LESS IS MORE: DEEP LEARNING, BIG DATA, SMALL DATA AND NO DATA

The idea that Deep Learning is directly associated with Big Data (not only correlation – we’re talking about full blown implication) is present in courses, lectures, articles everywhere you look… and that is unfortunate.

Theory doesn’t always agree with practice, and this is where I’m coming from. Beside the fact that usually the Big Data term is totally misused, mainly to signify large quantities of information instead of the actual correct naming convention of multi-modal unstructured data-stores, I truly believe that this association is almost oxymoronic and here’s why: 

I often read that “in order to train neural networks, large quantities of data are required”. It used to be true, I give you that, and it is still true for some particular problems. However, training approaches such as few-shot learning, one-shot learning or even zero-shot learning are known for quite some time and have been used by many, successfully, including me and my team. Yet another dimension of this type of argument, although a wee bit “lighter” than the “no Deep Learning” one, is the one promoted by those who do believe in classical statistical approaches and even shallow machine learning. Here I am talking about those arguing that classic machine learning methods are “almost as powerful as Deep Learning and require a fraction of the data that a neural model needs to be properly trained”. Then again, you might come and say (or even debate) that shallow machine learning is the only answer for certain domains, but we’re not going to approach that part of the subject in this specific article.
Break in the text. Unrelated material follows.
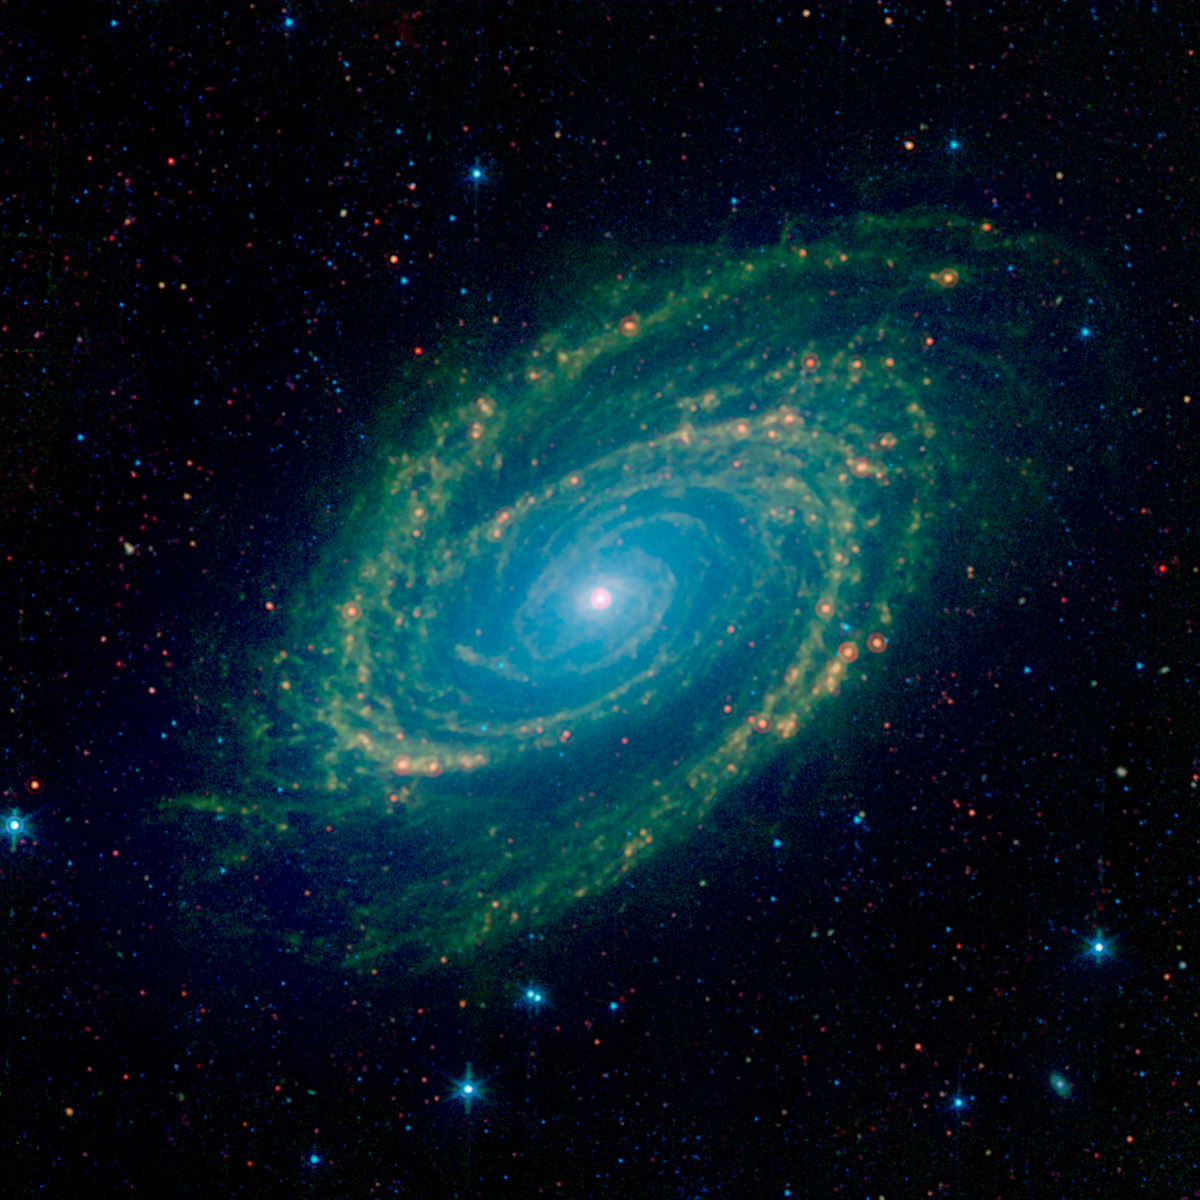 スピッツァー宇宙望遠鏡がとらえた渦巻銀河m81 アストロピクス

   For now, let’s just share an objective look at this idea: I, as well as my team and many other practitioners in this field, strongly believe that the only path to simulate intelligent processes and cognitive pathways is through employment of automated discovery of their representations and digitized formalization of these into mathematical graphs – or Deep Learning, in short. For all the other concerns presented in this short argument we have a short 4-words answer as well: machine generated artificial data. As some prominent figures in our branch say, probably the most important discovery in recent years is the emergence of generative adversarial training. Well, that is exactly what myself and my team successfully employ in order to simulate and generate virtually infinite amounts of data for our training processes.

  From this point a different set of issues might arise, such as: resemblance within the artificial data to confidential non-artificial data, protection of certain patterns that could generate privacy issues and other privacy related challenges. Beside the fact that we are carefully tackling all these, we are also actively promoting Differential Privacy, Federated Machine Learning and Secured Encrypted Deep Learning together with a ongrowing international community.